Когда с наступлением субботы слабеющие лучи Солнца окрашивают Старый город
в легкий янтарный оттенок, он и в самом деле кажется принадлежащим другому
миру. Мой друг, репатриировавшийся из Кливленда и построивший в Цфате дом
27 лет назад, признается, что Старый город до сих пор вызывает в нем благоговейный
трепет.
Остановившись по дороге в Старом городе,
где у нас есть дом, я бросил взгляд во двор и заметил нечто такое, чего
я никак не рассчитывал увидеть снова. За четыре года до этого виноградный
куст, росший во дворе в течение пятисот лет и приносивший самый сладкий
в городе виноград, был во время обновления дома и двора выкорчеван, а оставшаяся
после него яма была зацементирована. Когда я узнал об этом, я был вне себя
от гнева, но было уже поздно. Куст исчез. На следующий год я вернулся в
Цфат и заметил, что на том месте, где был куст, нечто похожее на сорняк
пробилось сквозь трещину в цементе. Когда я наклонился, чтобы вырвать его,
мой друг схватил меня за руку и сказал: “Не делай этого. Ты получил знак”.

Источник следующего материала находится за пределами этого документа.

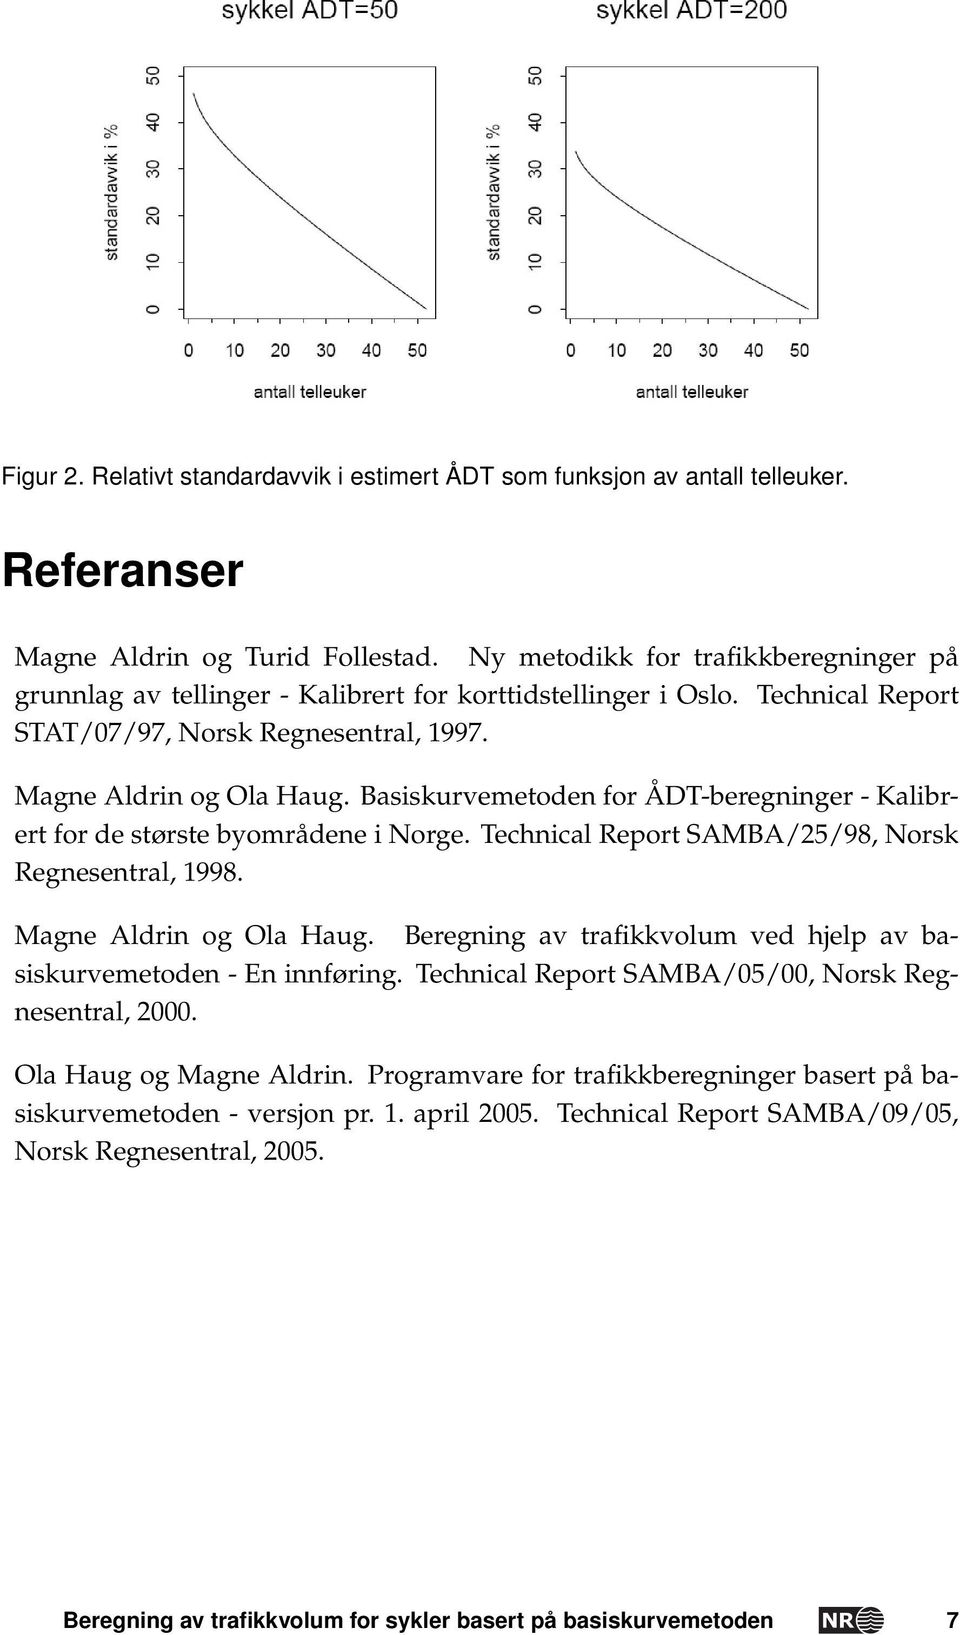 Basiskurvemetoden for ÅDT-beregninger - Kalibrert for de største byområdene i Norge. Technical Report SAMBA/25/98, Norsk Regnesentral, 1998. Magne Aldrin og Ola Haug.

И он был прав. Годом позже я вновь приехал
и увидел, что из трещины вылез черенок винограда. Еще через год черенок
превратился в тонкий ствол. В конце августа этого года мы сняли один из
самых обильных урожаев винограда, когда-либо виденных в Старом городе.
В этот вечер я делил субботнюю трапезу
с Аароном и Мирьям Боцер и их семью детьми. Я уже много лет восхищался
ими. Аарон купил в Старом городе какие-то развалины и своими руками возродил
их заново. Из одного лишь упрямства он поднял семью, открывая в процессе
этого тысячам молодых евреев красоту их наследия. Но за два года до этого
их семью поразил кризис. Двое старших мальчиков – юношей, воспитанных в
национально-патриотическом духе – бросили школу и, казалось, потеряли всякий
интерес к продолжению образования, к иудаизму и воинской службе. У третьего
мальчика тоже появились признаки того, что он пойдет по тому же пути. Я
видел выражение боли в глазах Аарона, но, оставаясь верным своему типичному
стилю поведения, он продолжал жить, как прежде.
Поэтому, прибыв к ним, я был весьма удивлен,
увидев двух младших мальчиков, бронзовых от загара и полных сил, помогавших
отцу в возведении нового этажа их дома. Когда я слез с крыши, я встретил
одного из старших братьев, который был уже женат, носил кипу и служил сержантом
в одном из самых элитных соединений израильской армии. Его брат проходил
курс морских коммандос.
В этот вечер, когда мы сидели вокруг субботнего
стола, я подумал о малозаметных совпадениях, которые, переплетаясь друг
с другом, формируют наш опыт. Мы разделяли виноград, выросший на моем дворе,
и я вспоминал, как эти полные жизни молодые парни, сидевшие напротив меня,
будучи еще маленькими мальчиками, карабкались на стулья и стремянки, чтобы
помочь мне собрать тот первый урожай винограда в 1986 году. Когда я испробовал
сладость этого винограда, я подумал – сколько еще раз мне удастся стать
свидетелем такого мощного примера надежды и обновления?